VNX-RUST-001 – Missing Cargo.lock

Overview

This rule detects Rust project directories where Cargo.toml is present but Cargo.lock is absent. Without a lock file, cargo build resolves dependency version ranges non-deterministically at build time: the exact versions selected depend on what is available in the crates.io index at that moment. This means two builds of the same source tree can silently incorporate different dependency versions, including versions that introduce security vulnerabilities or malicious code. This maps to CWE-829 (Inclusion of Functionality from Untrusted Control Sphere).

Severity: High | CWE: CWE-829 – Inclusion of Functionality from Untrusted Control Sphere

Why This Matters

Supply chain attacks against package registries have become one of the most effective attack vectors in software security. The cargo ecosystem has seen incidents including the rustdecimal typosquatting attack and the broader pattern of maintainer account takeovers used to push malicious patch releases. When a crate you depend on is compromised (e.g., serde@1.0.193 becomes malicious), a build without a lock file will pull the compromised version if it satisfies your version constraint in Cargo.toml.

With a Cargo.lock file committed to version control, the exact version hash of every transitive dependency is pinned. A cargo audit or cargo deny check against the lock file can detect known-vulnerable versions before the build proceeds. Without the lock file, you have no stable dependency inventory to audit.

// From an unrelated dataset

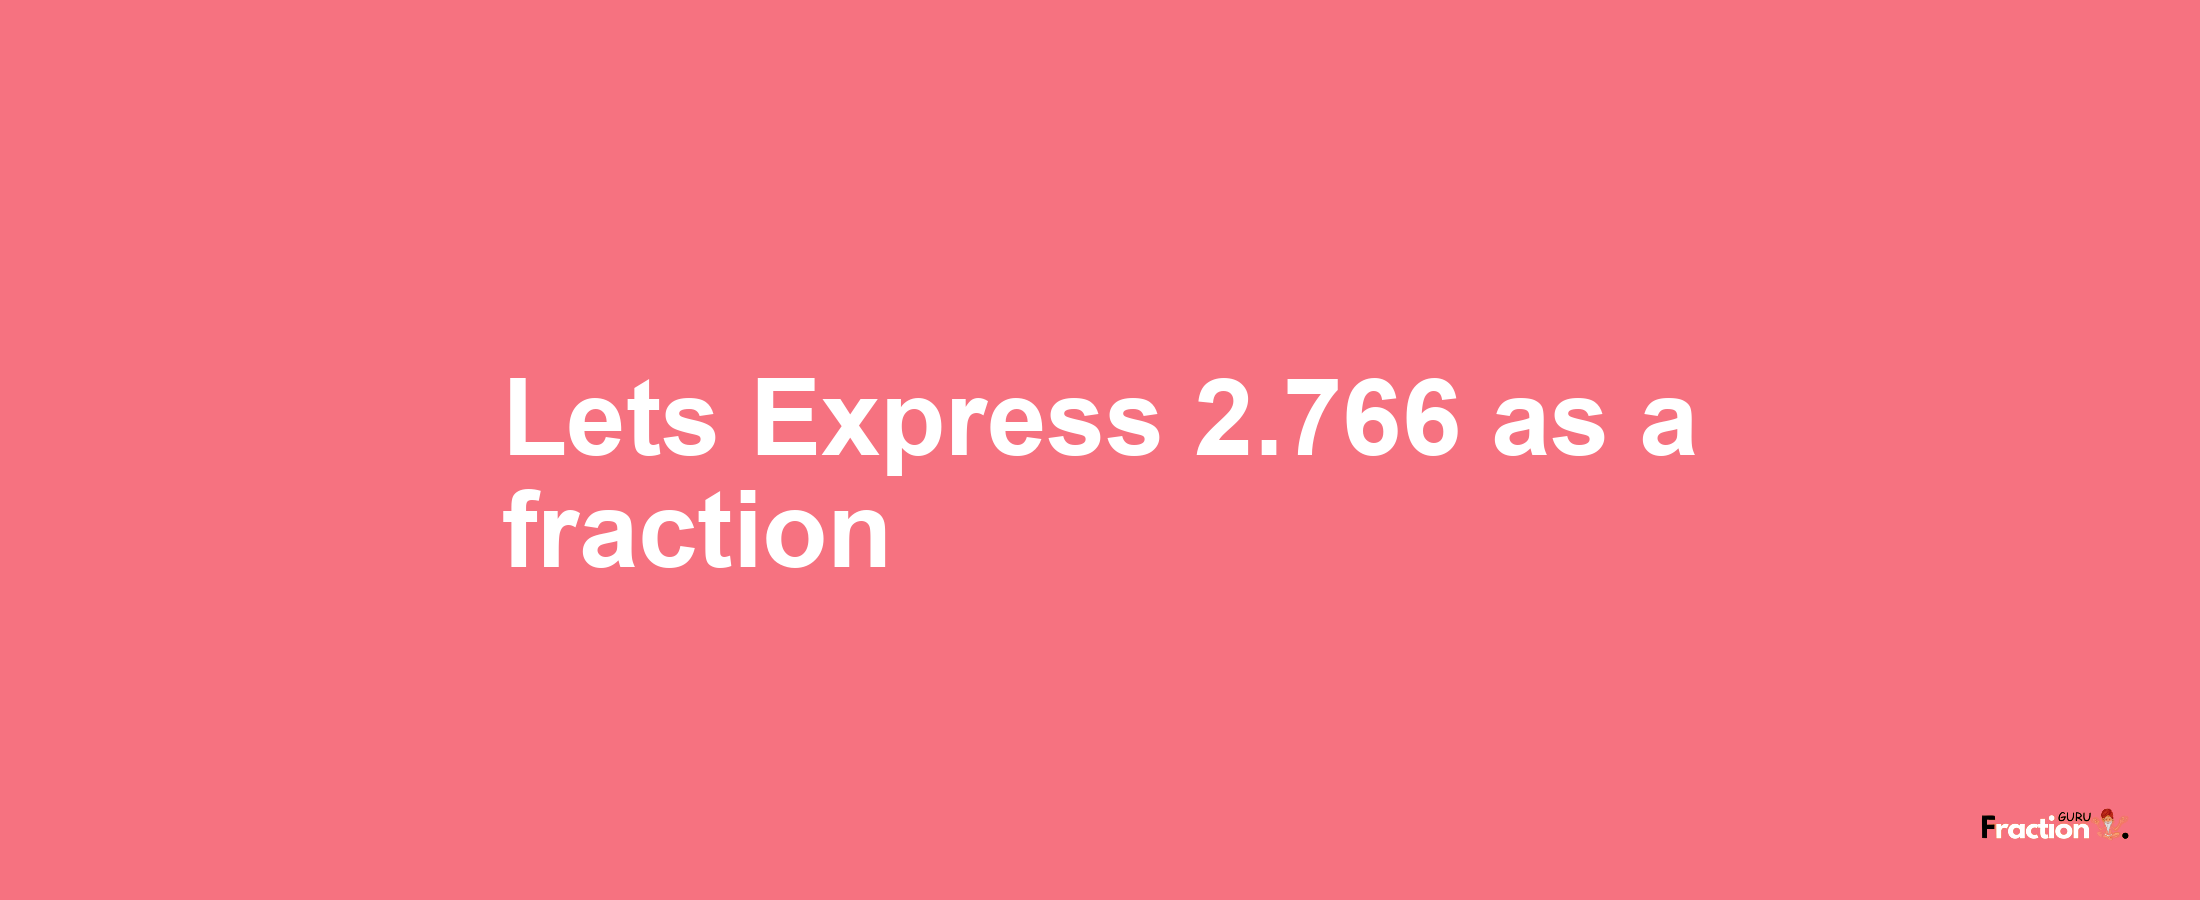 Lets Express 2.766 as afraction

The Cargo team’s official guidance is that all binary crates (applications) should commit Cargo.lock, and MITRE ATT&CK T1195.001 (Compromise Software Dependencies and Development Tools) covers this attack class directly.

What Gets Flagged

The rule checks every directory identified as containing a Rust project (via dirs_by_language["rust"]). For each such directory, it constructs the expected Cargo.lock path and raises a finding if that file is absent from the file set.

# FLAGGED: project structure missing Cargo.lock
my-rust-app/
├── Cargo.toml       ← present
├── src/
│   └── main.rs
└── (no Cargo.lock)  ← FLAGGED

Remediation

  1. Generate Cargo.lock immediately and commit it to version control.

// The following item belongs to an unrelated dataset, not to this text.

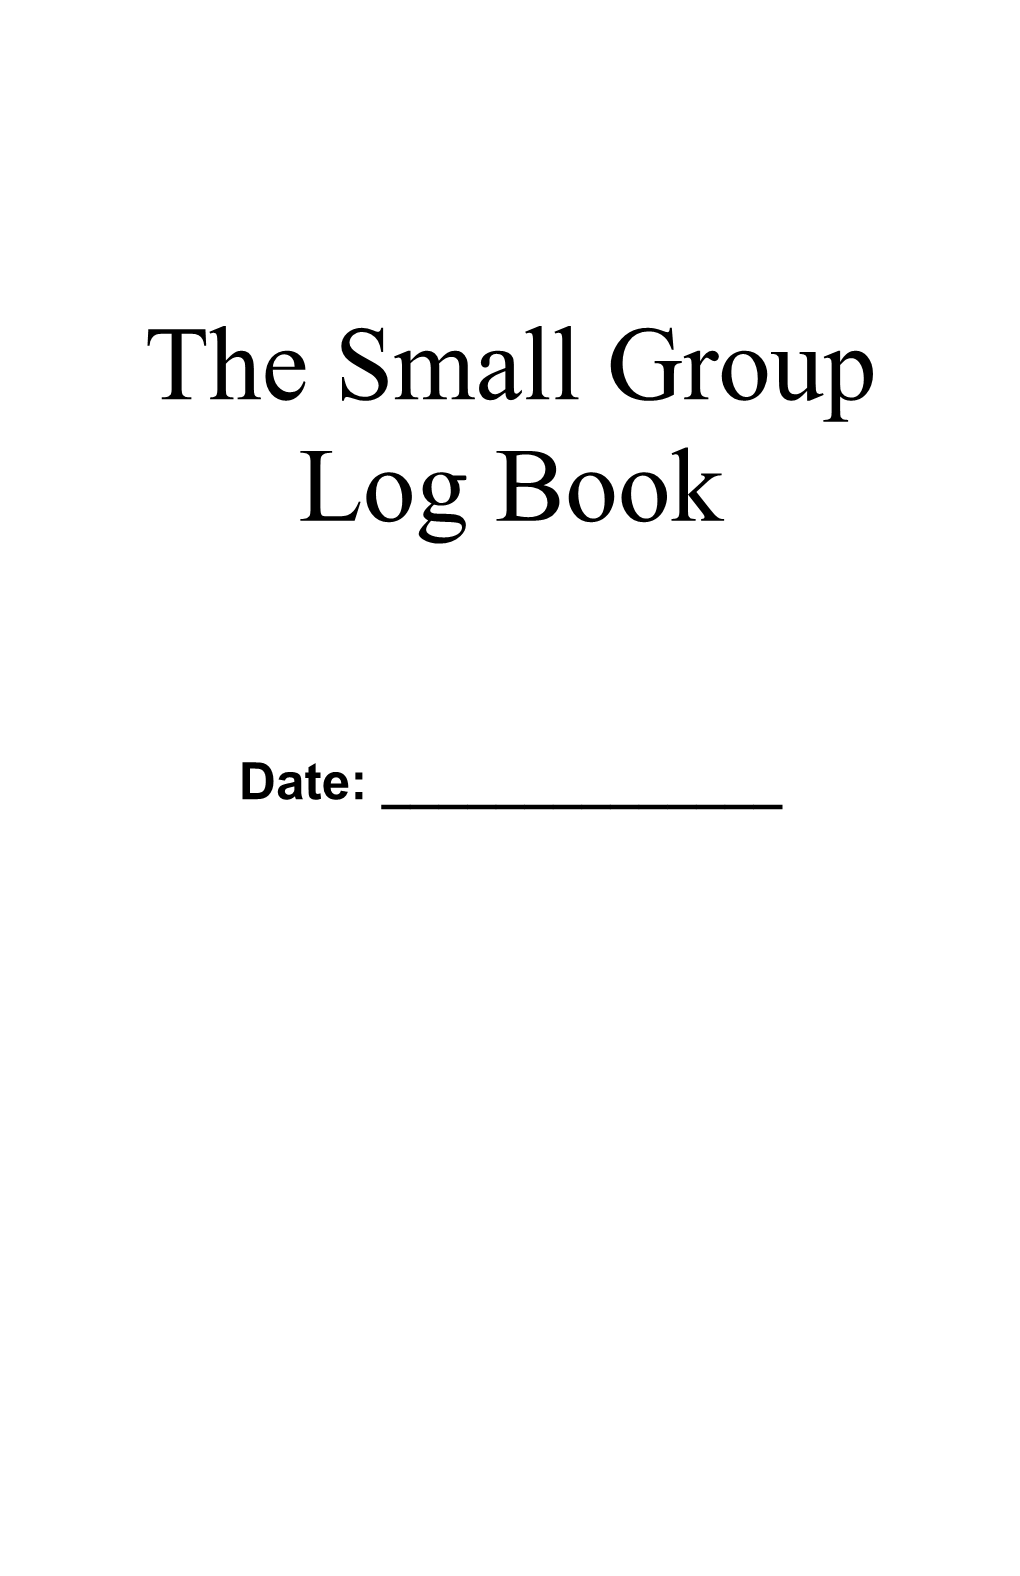 The Small Group

    # Generate the lock file
    cargo generate-lockfile
    
    # Verify it was created
    ls -la Cargo.lock
    
    # Add it to git
    git add Cargo.lock
    git commit -m "chore: add Cargo.lock to pin dependency versions"
    
  2. Update your .gitignore to stop ignoring Cargo.lock for binary crates. A common mistake is adding Cargo.lock to .gitignore based on library crate advice without recognizing that binary crates should always commit it.

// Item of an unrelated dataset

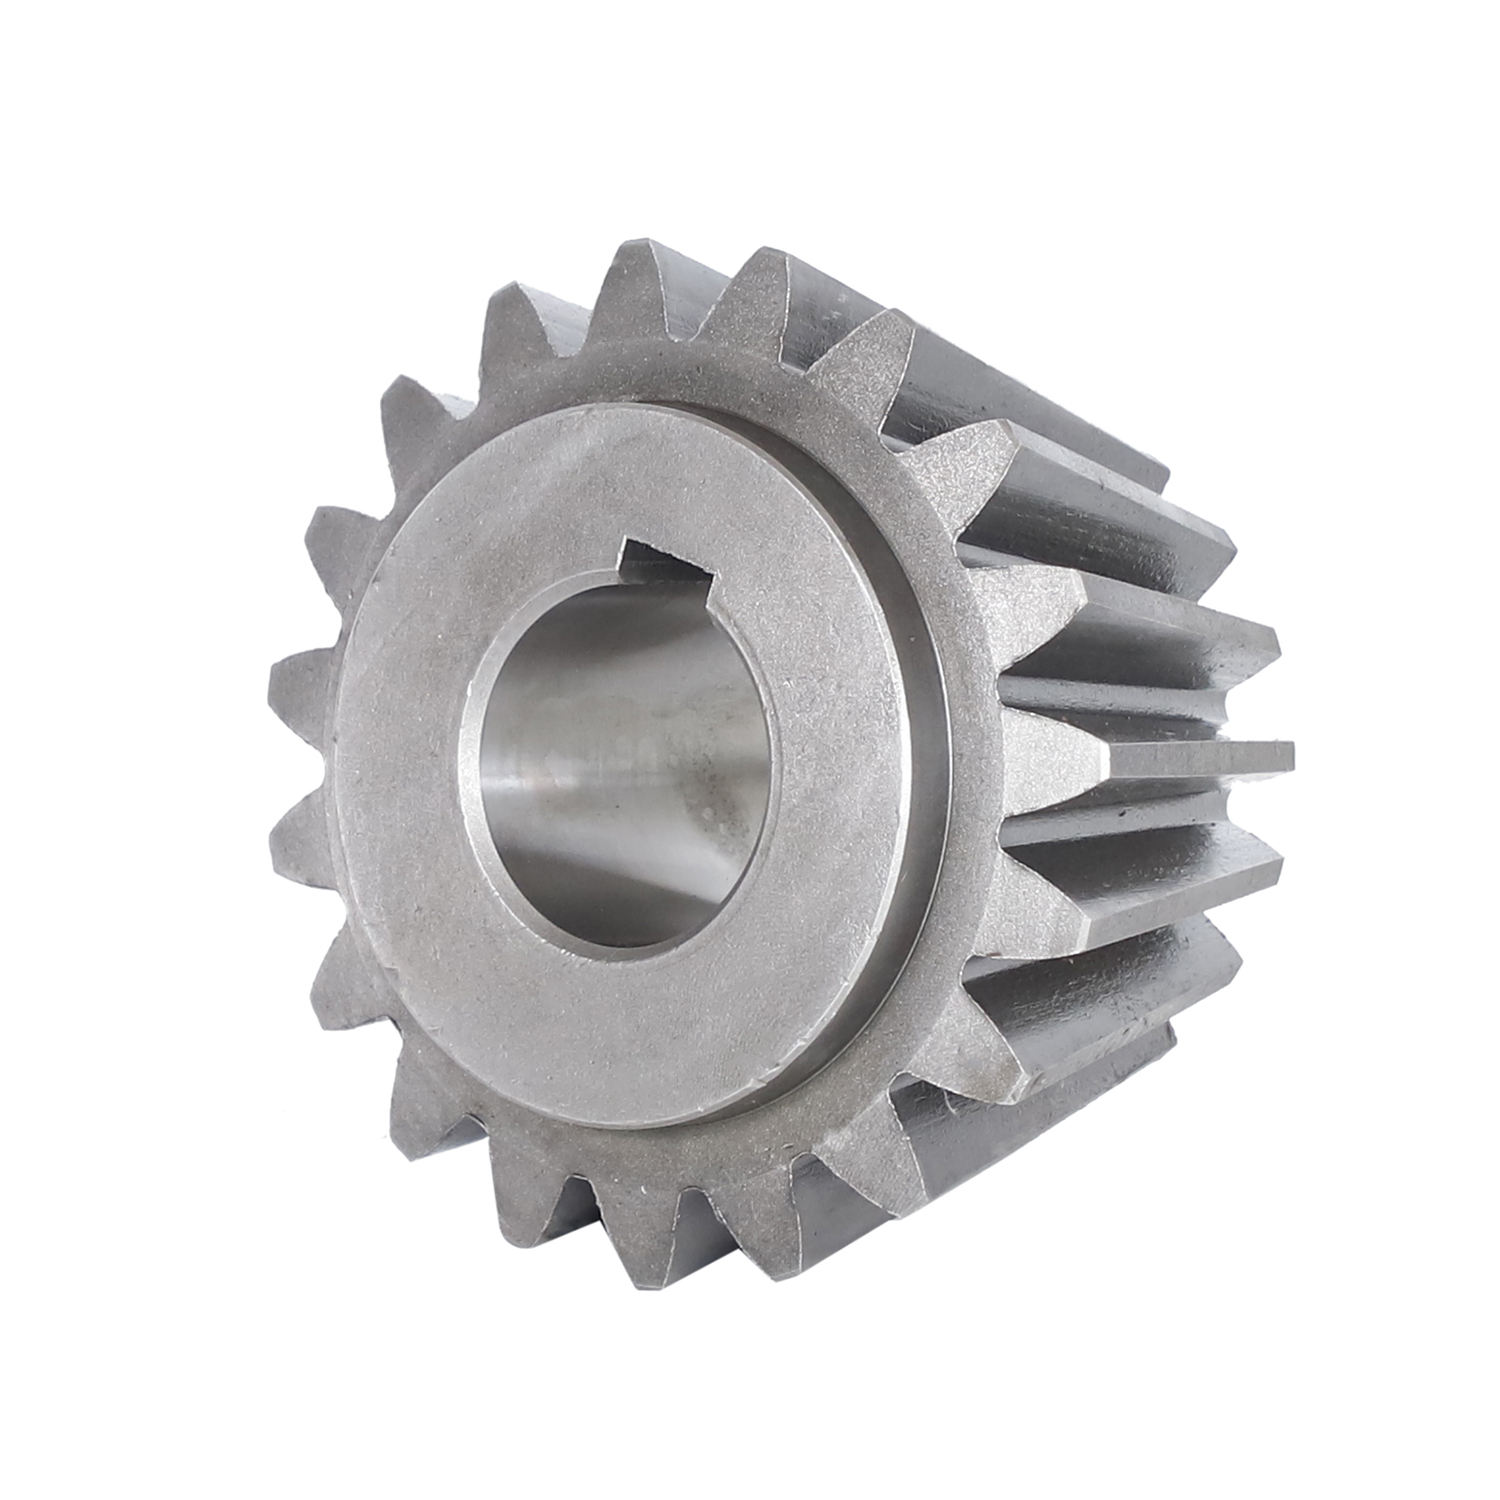 6yl-95100 cake outlet head bearing shell 70 bear short spindle screw oil press shaft spare parts

    # WRONG for binary crates  remove this line:
    # Cargo.lock
    
    # If you have a mixed workspace (libraries + binaries),
    # use per-package overrides or commit the lock file
    
  3. Add cargo audit to your CI pipeline. Once the lock file is committed, cargo audit checks it against the RustSec Advisory Database (a curated database of Rust security advisories) and fails the build if any dependency has a known vulnerability.

    # GitHub Actions example
    - name: Security audit
      run: |
        cargo install cargo-audit --locked
        cargo audit
    
  4. Use cargo deny for comprehensive supply chain policy. cargo-deny extends cargo audit with license checks, banned crate lists, and alternative registry enforcement. This provides a complete supply chain policy as code.

    # deny.toml
    [advisories]
    db-path = "~/.cargo/advisory-db"
    db-urls = ["https://github.com/rustsec/advisory-db"]
    vulnerability = "deny"
    unmaintained = "warn"
    
  5. Pin to exact versions in Cargo.toml for security-critical dependencies. Using =1.2.3 instead of ^1.2.3 eliminates the version range entirely, though this makes updating more manual. A lock file provides the same protection with more flexibility.